* What you will do *
Please retype the data in full and exactly; the pictures are not part of the copy.

Provided data START

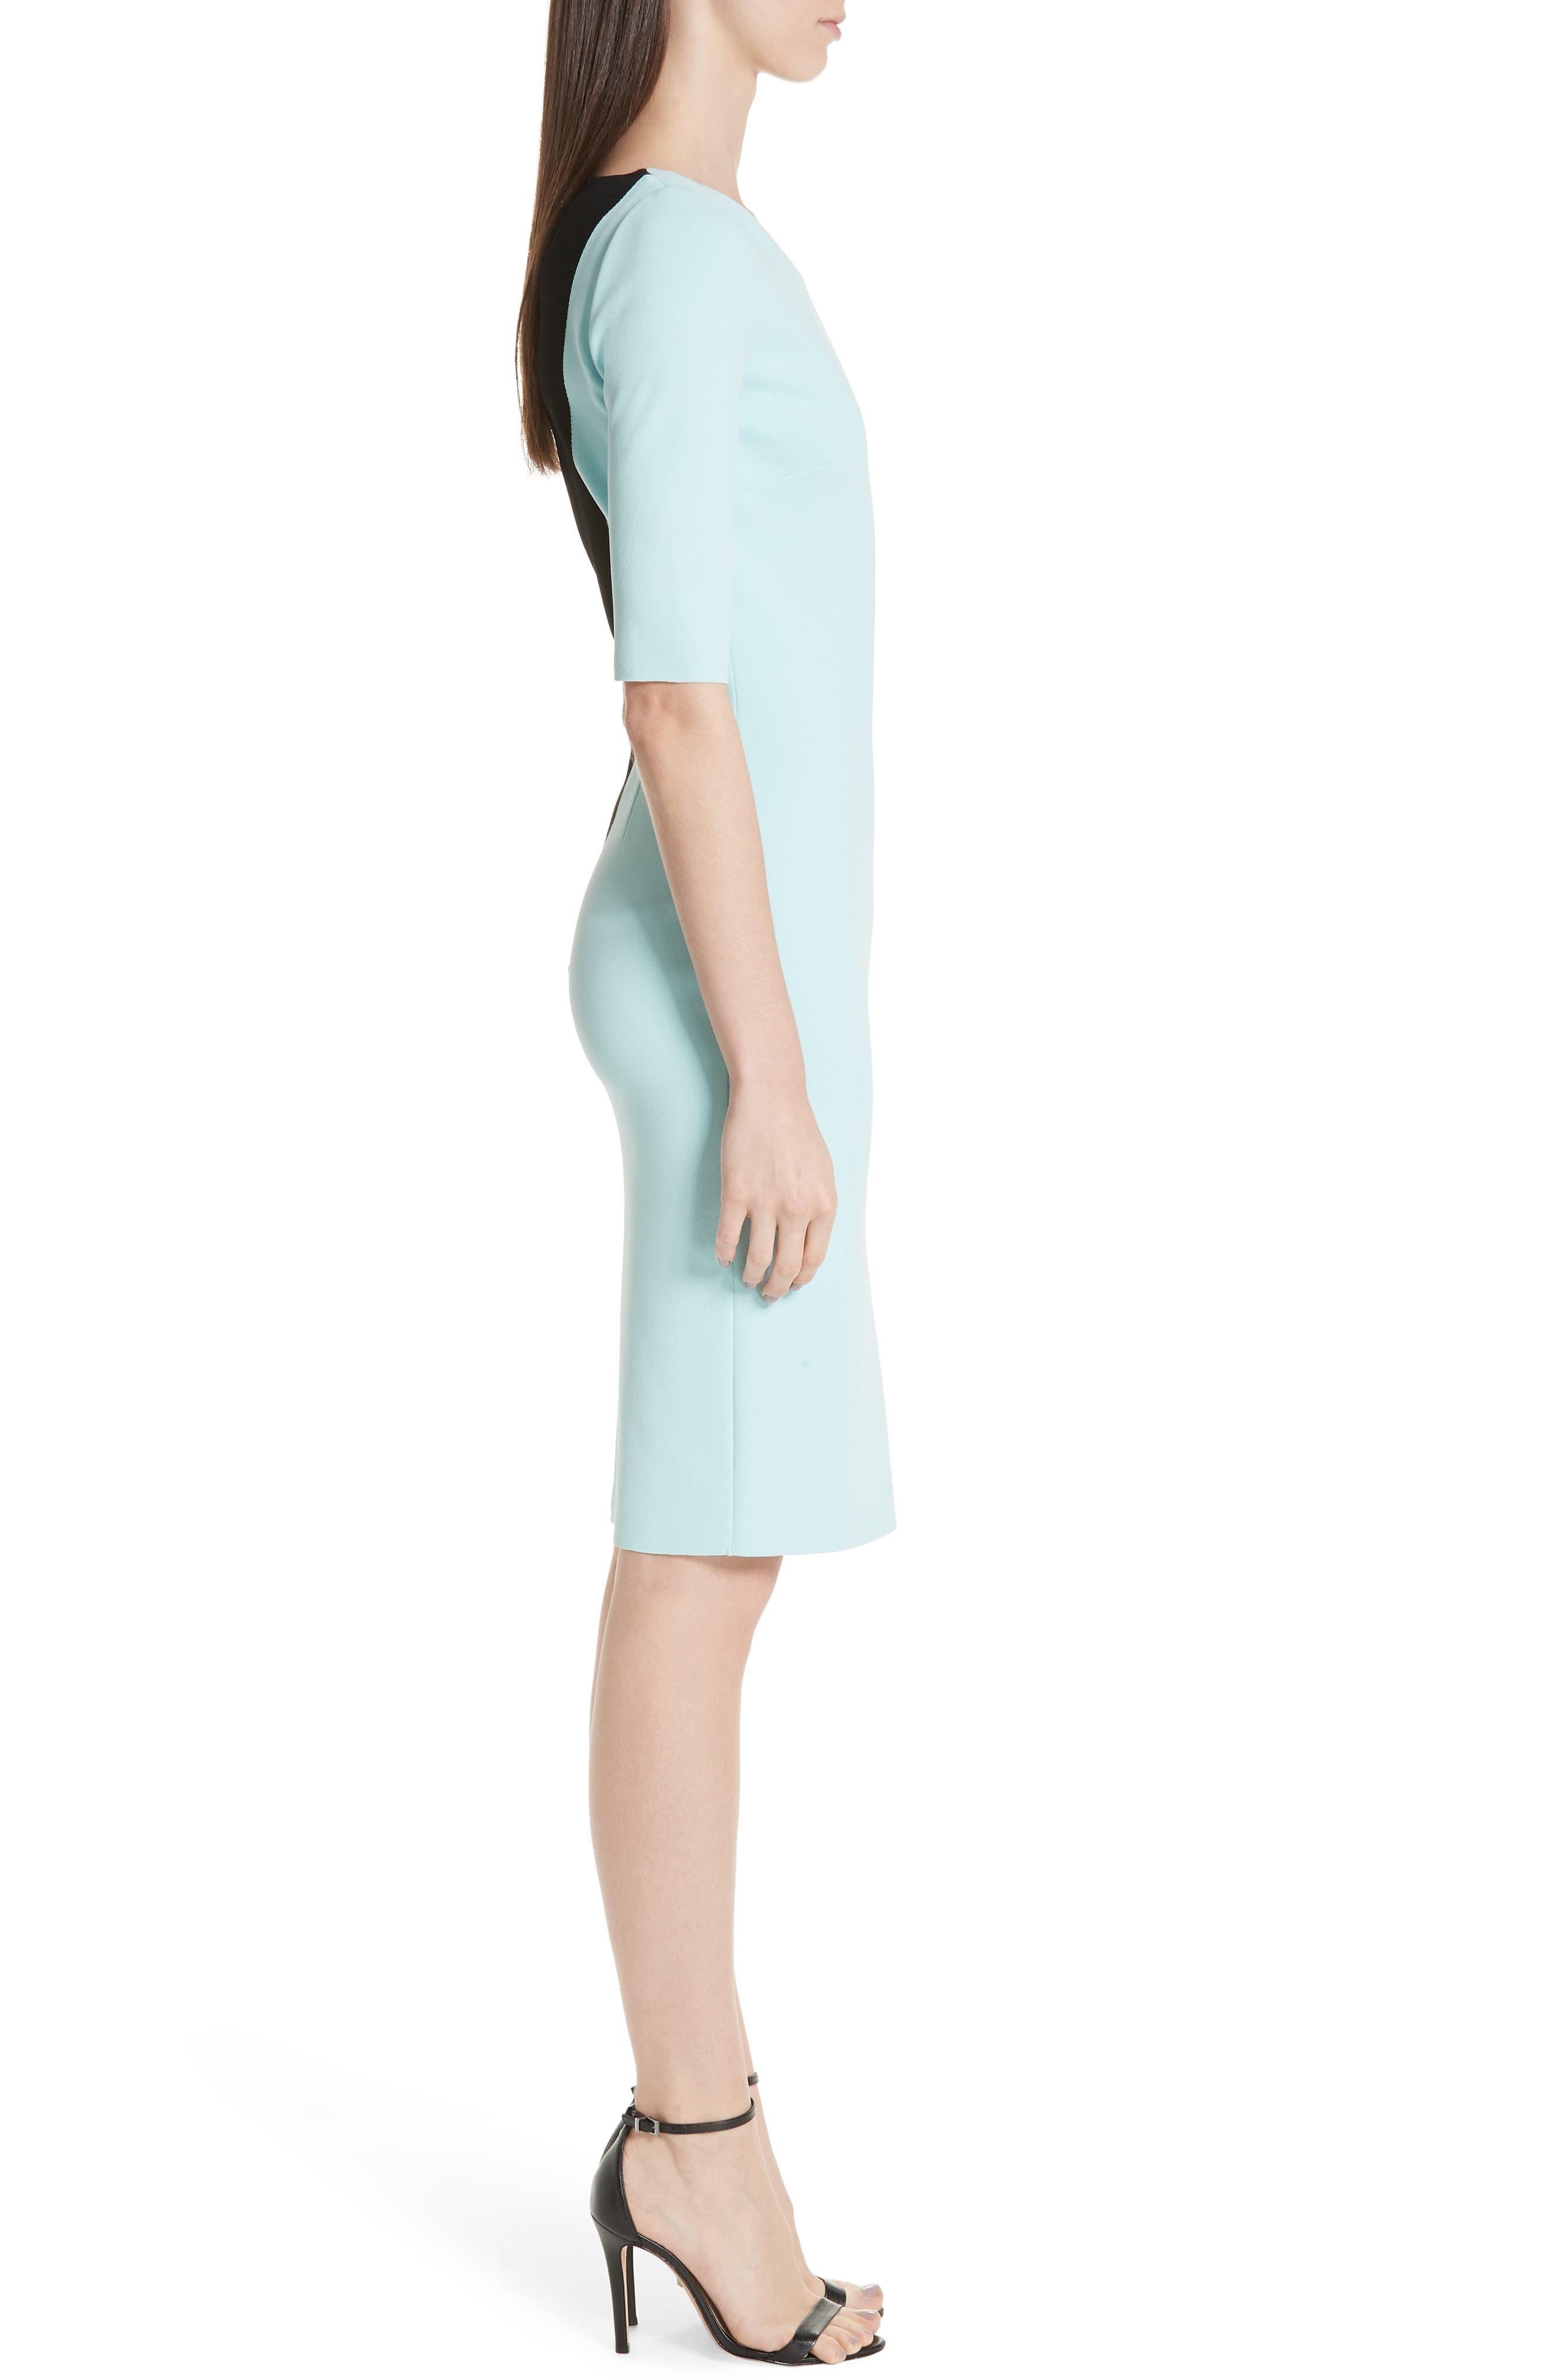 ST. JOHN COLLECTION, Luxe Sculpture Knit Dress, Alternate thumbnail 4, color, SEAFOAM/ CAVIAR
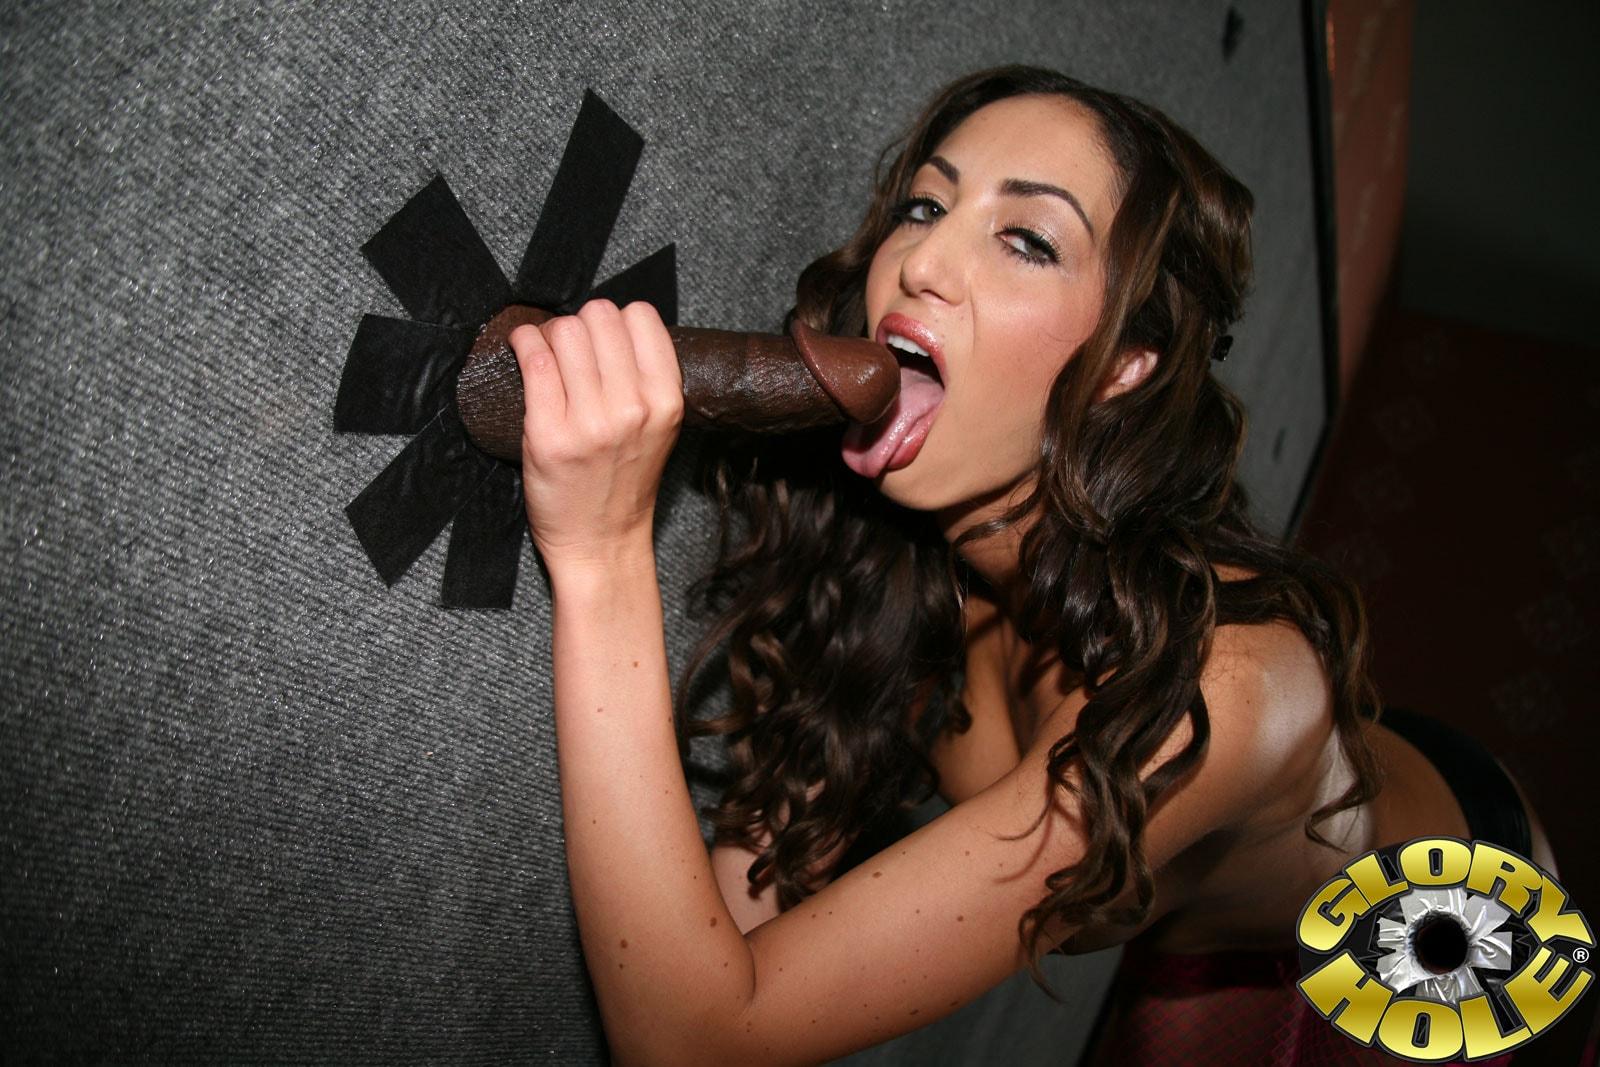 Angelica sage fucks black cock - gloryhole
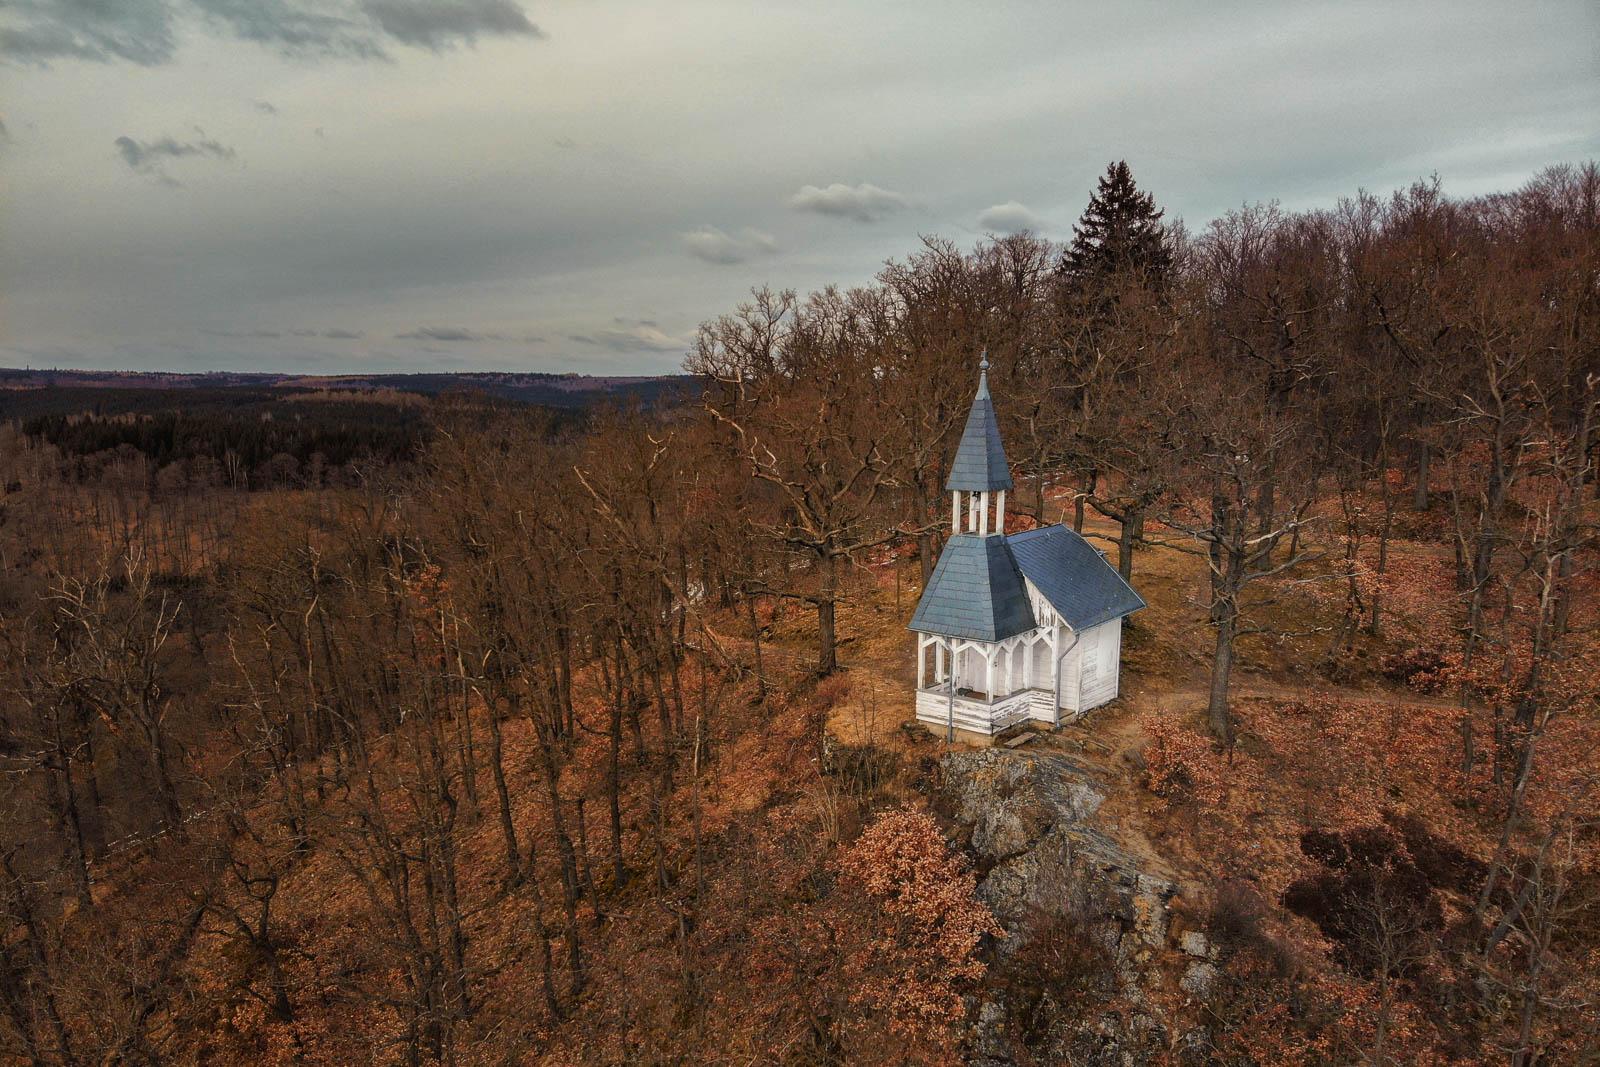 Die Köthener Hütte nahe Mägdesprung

Provided data END

* Exercise response *
 ST. JOHN COLLECTION, Luxe Sculpture Knit Dress, Alternate thumbnail 4, color, SEAFOAM/ CAVIAR
 Angelica sage fucks black cock - gloryhole
 Die Köthener Hütte nahe Mägdesprung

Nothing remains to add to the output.